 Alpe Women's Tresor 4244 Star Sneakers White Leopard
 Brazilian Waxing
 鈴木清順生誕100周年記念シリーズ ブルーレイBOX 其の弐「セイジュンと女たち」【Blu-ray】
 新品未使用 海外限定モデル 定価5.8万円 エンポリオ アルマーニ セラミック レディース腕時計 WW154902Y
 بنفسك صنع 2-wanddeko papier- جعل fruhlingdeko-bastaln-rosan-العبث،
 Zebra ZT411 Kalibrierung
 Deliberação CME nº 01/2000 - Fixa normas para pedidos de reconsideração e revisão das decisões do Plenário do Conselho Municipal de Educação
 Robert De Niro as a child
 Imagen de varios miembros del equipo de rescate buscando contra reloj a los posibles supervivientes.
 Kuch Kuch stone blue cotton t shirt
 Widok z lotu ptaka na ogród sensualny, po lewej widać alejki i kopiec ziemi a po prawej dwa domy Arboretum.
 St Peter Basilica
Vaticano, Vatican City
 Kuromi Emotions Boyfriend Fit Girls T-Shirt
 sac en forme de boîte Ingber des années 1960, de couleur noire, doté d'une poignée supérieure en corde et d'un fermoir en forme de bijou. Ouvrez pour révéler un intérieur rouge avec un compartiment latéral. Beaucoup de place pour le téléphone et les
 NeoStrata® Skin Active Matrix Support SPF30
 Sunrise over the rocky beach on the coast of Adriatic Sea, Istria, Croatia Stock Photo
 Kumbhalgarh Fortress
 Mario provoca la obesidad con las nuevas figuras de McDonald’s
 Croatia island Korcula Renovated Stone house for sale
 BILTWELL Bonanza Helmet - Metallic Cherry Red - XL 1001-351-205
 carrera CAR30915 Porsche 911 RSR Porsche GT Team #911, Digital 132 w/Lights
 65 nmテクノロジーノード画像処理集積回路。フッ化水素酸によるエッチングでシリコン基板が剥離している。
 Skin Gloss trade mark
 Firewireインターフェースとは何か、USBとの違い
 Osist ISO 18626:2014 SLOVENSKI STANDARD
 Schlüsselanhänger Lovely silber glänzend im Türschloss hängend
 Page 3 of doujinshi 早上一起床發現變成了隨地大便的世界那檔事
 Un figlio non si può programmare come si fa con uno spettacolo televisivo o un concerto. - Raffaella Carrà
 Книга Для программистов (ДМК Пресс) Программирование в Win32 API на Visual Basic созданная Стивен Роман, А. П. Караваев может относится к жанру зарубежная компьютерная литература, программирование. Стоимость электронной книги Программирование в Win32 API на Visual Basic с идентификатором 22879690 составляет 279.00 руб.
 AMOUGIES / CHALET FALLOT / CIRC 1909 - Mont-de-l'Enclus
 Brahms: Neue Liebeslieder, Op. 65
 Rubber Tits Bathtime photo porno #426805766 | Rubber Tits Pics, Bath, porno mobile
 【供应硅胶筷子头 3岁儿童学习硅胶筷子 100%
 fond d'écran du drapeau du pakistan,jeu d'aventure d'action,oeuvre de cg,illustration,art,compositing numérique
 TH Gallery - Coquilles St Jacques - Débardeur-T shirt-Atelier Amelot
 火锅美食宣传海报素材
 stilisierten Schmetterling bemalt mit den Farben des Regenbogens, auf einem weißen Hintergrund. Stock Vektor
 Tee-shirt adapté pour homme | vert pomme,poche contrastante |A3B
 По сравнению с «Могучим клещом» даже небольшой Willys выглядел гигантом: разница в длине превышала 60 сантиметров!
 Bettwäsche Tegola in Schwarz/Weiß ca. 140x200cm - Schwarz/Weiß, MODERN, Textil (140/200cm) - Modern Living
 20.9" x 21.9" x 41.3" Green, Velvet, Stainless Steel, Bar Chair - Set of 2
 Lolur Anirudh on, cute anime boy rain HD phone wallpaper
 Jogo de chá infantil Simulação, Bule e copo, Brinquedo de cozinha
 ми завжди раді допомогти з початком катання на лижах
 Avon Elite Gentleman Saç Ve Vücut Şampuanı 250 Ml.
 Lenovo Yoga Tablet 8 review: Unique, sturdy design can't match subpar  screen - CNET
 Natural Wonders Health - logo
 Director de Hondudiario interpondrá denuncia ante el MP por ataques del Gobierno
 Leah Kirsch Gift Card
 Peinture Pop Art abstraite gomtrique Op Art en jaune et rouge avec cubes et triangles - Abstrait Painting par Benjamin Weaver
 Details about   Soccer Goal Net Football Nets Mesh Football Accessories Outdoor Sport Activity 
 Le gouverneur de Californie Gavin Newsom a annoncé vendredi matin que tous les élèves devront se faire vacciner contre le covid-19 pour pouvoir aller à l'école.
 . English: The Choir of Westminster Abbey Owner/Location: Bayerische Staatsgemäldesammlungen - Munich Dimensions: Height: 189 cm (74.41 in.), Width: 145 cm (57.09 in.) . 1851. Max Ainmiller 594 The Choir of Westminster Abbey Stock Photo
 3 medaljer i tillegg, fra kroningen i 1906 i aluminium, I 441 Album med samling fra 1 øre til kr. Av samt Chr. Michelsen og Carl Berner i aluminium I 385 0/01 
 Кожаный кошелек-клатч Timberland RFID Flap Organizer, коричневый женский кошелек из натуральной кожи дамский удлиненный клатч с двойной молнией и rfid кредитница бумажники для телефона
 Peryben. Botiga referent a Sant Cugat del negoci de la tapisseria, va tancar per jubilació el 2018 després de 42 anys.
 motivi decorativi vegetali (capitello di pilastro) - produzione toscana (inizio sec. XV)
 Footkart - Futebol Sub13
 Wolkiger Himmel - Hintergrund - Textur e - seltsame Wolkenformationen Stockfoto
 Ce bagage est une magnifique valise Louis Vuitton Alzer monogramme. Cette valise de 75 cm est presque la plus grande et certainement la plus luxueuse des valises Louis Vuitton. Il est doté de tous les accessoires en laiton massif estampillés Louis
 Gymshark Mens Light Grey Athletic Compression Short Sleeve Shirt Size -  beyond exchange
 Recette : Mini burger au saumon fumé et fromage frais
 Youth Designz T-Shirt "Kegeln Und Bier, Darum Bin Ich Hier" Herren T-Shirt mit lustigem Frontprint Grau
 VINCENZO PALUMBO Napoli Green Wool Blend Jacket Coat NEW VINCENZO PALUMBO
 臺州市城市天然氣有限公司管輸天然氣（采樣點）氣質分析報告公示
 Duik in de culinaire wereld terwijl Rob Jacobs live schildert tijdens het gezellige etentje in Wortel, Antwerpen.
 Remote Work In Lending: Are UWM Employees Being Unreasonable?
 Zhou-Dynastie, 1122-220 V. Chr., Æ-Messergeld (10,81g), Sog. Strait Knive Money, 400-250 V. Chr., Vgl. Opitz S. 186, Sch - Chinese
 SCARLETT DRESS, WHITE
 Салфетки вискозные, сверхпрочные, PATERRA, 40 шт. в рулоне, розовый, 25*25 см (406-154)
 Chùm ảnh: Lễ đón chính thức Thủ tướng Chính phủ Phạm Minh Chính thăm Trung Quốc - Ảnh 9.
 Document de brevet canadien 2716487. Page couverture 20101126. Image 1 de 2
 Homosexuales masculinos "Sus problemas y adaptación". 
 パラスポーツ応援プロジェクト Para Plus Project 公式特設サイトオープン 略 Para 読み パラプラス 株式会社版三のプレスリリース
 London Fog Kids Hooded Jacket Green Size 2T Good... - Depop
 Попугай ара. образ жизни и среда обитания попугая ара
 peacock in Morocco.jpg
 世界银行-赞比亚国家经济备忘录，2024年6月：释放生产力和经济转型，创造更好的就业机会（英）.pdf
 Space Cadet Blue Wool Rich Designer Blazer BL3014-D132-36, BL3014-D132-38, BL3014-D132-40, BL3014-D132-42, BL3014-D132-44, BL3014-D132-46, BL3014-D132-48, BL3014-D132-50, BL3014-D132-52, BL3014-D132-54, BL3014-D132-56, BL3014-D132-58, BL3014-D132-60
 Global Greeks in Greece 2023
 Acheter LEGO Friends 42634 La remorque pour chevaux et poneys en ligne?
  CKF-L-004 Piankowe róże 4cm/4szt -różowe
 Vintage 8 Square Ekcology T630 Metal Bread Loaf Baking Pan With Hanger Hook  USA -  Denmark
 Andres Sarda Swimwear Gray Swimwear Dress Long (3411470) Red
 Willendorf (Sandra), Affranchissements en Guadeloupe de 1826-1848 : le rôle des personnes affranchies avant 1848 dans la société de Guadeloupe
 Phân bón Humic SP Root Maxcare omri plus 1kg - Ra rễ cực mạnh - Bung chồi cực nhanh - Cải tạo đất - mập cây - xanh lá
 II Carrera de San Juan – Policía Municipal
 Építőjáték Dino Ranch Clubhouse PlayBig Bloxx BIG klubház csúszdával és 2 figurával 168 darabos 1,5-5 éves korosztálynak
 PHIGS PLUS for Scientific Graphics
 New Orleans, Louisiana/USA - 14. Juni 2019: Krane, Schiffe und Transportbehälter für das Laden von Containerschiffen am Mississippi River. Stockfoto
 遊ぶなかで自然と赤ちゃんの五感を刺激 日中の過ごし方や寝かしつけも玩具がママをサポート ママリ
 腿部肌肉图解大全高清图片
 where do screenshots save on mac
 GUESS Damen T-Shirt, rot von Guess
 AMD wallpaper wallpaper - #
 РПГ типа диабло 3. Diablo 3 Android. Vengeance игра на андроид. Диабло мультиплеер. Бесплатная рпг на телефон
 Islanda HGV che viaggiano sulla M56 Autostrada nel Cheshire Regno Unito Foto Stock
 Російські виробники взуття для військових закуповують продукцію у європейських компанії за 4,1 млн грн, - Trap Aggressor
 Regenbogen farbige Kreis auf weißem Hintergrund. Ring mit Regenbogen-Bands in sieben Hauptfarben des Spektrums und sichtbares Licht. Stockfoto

Work request:
Give back exactly the material above from its opening line to the line bearing "بنفسك صنع 2-wanddeko".

Result of this task:
 Alpe Women's Tresor 4244 Star Sneakers White Leopard
 Brazilian Waxing
 鈴木清順生誕100周年記念シリーズ ブルーレイBOX 其の弐「セイジュンと女たち」【Blu-ray】
 新品未使用 海外限定モデル 定価5.8万円 エンポリオ アルマーニ セラミック レディース腕時計 WW154902Y
 بنفسك صنع 2-wanddeko papier- جعل fruhlingdeko-bastaln-rosan-العبث،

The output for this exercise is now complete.